__Exercise__:
In the records that follow, the lines from the one containing "Lenoxx Electronics HT-391" to the one containing "Rihoas Women's Solid", inclusive, are to be given again exactly.
■ ■ ■ ■ ■
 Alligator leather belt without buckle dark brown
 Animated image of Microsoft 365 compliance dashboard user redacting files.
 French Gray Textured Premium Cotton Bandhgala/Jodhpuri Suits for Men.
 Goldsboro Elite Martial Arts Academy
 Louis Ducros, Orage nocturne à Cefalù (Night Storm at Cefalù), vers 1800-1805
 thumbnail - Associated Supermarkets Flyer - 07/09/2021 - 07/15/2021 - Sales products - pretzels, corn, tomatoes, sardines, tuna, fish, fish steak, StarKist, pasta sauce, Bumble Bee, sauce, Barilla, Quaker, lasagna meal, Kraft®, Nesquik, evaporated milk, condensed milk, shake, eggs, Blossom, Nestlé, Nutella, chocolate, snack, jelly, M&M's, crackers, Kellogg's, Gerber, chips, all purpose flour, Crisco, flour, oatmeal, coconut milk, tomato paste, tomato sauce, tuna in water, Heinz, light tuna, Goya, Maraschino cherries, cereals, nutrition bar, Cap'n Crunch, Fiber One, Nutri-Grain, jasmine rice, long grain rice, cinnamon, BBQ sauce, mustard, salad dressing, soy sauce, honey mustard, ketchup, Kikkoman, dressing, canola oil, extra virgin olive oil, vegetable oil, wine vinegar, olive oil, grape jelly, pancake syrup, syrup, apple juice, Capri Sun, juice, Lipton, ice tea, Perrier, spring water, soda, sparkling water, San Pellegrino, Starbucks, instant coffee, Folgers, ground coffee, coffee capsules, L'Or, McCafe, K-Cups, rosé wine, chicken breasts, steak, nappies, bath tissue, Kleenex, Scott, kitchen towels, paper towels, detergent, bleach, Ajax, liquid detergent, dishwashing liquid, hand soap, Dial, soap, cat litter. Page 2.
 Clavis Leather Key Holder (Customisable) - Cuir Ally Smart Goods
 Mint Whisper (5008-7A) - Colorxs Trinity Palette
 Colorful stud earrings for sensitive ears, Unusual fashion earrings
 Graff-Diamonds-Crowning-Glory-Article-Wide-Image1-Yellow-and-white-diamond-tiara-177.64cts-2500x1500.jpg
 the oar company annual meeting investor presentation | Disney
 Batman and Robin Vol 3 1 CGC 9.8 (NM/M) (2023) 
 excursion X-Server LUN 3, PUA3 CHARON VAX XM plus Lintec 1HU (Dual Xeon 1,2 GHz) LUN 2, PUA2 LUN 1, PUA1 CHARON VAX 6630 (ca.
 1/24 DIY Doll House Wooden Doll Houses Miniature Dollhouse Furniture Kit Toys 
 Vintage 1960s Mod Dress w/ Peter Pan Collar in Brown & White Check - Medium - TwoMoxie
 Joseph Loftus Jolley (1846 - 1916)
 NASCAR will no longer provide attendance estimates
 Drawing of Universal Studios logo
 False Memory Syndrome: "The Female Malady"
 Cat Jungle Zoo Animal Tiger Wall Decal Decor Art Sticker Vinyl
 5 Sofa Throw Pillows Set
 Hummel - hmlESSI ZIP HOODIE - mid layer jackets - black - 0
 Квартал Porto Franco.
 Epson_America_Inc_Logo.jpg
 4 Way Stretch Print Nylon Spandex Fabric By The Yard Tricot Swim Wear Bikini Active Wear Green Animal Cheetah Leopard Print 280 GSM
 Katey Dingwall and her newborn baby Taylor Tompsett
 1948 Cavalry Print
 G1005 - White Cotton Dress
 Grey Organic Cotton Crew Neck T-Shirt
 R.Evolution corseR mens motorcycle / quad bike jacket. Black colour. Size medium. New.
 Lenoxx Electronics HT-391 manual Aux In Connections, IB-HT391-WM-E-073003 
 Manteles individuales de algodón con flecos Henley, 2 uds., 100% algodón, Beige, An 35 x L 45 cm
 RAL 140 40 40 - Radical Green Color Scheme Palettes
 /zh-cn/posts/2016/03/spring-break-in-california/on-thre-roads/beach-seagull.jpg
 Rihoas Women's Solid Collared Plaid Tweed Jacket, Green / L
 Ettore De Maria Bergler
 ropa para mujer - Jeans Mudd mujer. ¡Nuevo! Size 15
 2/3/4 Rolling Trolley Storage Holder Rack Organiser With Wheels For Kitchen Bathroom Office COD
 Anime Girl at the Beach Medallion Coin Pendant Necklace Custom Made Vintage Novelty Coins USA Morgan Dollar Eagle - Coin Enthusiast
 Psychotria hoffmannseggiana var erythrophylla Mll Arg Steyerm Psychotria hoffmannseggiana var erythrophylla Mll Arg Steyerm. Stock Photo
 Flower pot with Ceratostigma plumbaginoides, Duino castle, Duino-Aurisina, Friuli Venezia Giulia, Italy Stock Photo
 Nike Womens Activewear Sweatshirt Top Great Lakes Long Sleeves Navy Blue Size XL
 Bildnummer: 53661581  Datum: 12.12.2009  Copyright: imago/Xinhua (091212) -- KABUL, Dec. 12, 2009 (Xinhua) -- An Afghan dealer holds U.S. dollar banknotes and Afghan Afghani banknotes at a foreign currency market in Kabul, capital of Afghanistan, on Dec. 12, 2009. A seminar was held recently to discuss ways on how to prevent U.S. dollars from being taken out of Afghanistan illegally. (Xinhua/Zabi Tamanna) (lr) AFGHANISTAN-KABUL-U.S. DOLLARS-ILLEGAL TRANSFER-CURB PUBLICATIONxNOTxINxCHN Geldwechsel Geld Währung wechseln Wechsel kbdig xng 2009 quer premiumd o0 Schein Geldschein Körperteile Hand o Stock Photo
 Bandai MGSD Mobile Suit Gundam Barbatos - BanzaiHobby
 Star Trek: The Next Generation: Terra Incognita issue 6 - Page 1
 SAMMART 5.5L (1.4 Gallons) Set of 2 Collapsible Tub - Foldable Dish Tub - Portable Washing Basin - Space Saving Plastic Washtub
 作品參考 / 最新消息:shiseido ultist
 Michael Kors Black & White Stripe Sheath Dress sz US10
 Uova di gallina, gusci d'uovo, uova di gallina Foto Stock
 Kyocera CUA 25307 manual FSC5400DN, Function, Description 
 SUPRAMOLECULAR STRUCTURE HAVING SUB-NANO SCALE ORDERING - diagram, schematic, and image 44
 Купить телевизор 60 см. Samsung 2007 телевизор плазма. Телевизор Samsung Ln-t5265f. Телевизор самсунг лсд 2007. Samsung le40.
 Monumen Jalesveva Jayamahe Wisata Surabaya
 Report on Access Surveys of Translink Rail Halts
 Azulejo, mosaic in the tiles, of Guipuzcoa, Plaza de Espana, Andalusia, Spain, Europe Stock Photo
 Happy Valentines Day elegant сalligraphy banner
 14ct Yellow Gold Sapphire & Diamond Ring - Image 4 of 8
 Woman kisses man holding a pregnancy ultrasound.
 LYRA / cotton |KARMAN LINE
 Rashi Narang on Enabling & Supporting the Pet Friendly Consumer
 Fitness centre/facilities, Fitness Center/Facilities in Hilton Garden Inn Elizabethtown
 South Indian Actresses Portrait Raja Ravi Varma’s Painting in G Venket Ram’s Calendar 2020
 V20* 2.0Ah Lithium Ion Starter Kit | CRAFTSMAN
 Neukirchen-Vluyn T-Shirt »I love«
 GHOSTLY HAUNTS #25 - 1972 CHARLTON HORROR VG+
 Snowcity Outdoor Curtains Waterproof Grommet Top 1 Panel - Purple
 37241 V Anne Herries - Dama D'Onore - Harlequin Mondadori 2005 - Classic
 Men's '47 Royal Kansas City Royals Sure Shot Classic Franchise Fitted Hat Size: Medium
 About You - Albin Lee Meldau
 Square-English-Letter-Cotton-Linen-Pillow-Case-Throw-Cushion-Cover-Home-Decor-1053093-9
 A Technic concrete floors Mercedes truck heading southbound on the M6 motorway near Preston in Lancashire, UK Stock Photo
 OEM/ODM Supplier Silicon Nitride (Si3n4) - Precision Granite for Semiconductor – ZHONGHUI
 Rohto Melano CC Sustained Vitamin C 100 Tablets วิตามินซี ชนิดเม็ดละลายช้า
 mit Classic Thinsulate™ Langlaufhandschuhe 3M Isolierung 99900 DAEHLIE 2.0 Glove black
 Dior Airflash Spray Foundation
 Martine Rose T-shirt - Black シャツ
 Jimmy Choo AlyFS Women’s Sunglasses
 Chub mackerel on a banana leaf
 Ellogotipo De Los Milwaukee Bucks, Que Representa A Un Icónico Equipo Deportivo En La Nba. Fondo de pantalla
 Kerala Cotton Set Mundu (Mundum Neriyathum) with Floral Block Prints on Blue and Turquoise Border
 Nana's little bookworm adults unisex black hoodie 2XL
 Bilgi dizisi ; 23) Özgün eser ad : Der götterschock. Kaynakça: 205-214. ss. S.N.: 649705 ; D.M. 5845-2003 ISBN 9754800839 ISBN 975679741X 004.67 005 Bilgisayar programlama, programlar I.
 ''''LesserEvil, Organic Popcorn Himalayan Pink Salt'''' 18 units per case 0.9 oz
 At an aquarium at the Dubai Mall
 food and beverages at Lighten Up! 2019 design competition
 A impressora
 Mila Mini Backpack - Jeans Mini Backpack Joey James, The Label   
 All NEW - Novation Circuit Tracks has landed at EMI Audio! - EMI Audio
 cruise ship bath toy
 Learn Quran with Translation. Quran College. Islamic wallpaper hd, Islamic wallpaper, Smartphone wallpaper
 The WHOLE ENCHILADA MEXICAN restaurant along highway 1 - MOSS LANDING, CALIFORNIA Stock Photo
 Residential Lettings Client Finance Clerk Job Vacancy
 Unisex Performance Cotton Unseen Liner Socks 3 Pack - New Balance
■ ■ ■ ■ ■
__Output for this exercise__:
 Lenoxx Electronics HT-391 manual Aux In Connections, IB-HT391-WM-E-073003 
 Manteles individuales de algodón con flecos Henley, 2 uds., 100% algodón, Beige, An 35 x L 45 cm
 RAL 140 40 40 - Radical Green Color Scheme Palettes
 /zh-cn/posts/2016/03/spring-break-in-california/on-thre-roads/beach-seagull.jpg
 Rihoas Women's Solid Collared Plaid Tweed Jacket, Green / L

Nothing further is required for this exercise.